Experimental Designs and Randomization Schemes
Section 5
Stepped-Wedge Designs
In CRTs, the simplest approach to randomization is parallel randomization, in which the clusters are randomly assigned to the intervention condition or the control condition throughout the trial with no crossover. An alternative approach is stepped-wedge randomization (Hussey and Hughes 2007). In stepped-wedge designs, the clusters are randomized into several groups or waves that define when the intervention will begin, and all clusters start the trial in the control condition. Groups of clusters cross over to the intervention condition on a staggered schedule, and all groups receive the intervention before the end of the trial (see Figure).
Figure. Stepped-Wedge Cluster Randomization
Abbreviations: UC, usual care; Int, intervention. Adapted with permission from Cook et al (2016).
Advantages of Stepped-Wedge Designs
A common justification for stepped-wedge designs is feasibility; in some studies, it is impractical or impossible to roll out the intervention to all participants at the same time (Federico et al 2022). Stepped-wedge randomization overcomes this problem by introducing the intervention to groups of clusters at different times. Moreover, because all sites in a stepped-wedge trial will eventually receive the intervention, these designs may be more appealing to the broader community and thus lead to greater study participation, especially in trials of interventions that seem particularly promising (Hussey and Hughes 2007).
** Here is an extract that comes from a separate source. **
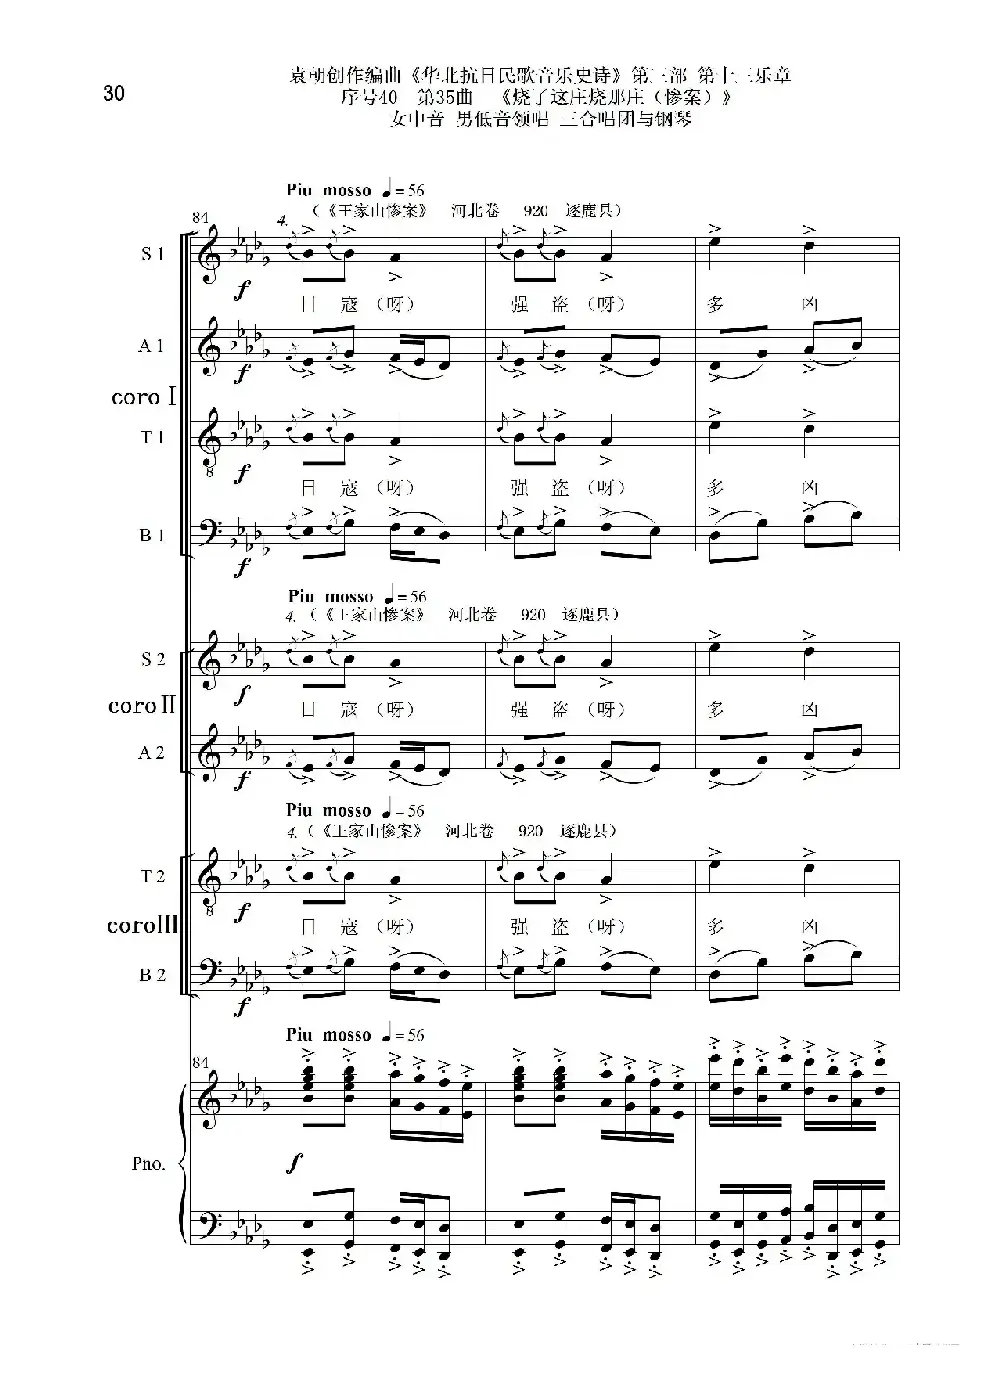 序号40第35曲《烧了这庄烧那庄（惨案）》女中音 男低音领唱 三合唱团与钢琴

In addition, stepped-wedge CRTs accommodate potentially more between-cluster heterogeneity than CRTs with parallel randomization, because the treatment effect can be partially estimated by means of before-and-after comparisons in which each cluster serves as its own control. As a result, stepped-wedge designs generally do not need as many clusters to achieve the same statistical power.
Stepped-wedge designs may also have the benefit of enabling researchers to record and incorporate into the analysis changes to the site or healthcare system that happen over time and have the potential to affect the study (Cook et al 2016). This ability to account for secular trends can also allow for simultaneous clinical implementation and research evaluation in the pragmatic trial that would not be possible if clinical implementation occurred at a common calendar time across all clusters.
Ethical Considerations
Past justifications for stepped-wedge designs have appealed to an ethical imperative to treat in life-threatening crisis situations, such as pandemics. During the Ebola outbreak, it seemed wrong to deny a potentially lifesaving vaccine (even one that was unproven) to anyone in the population in the way that a randomized placebo-controlled trial would require. Critics pointed out that, even in the absence of a placebo, individual participants in a stepped-wedge CRT will not receive the intervention under investigation. A temporal delay in who receives the intervention can be functionally equivalent to receiving a placebo.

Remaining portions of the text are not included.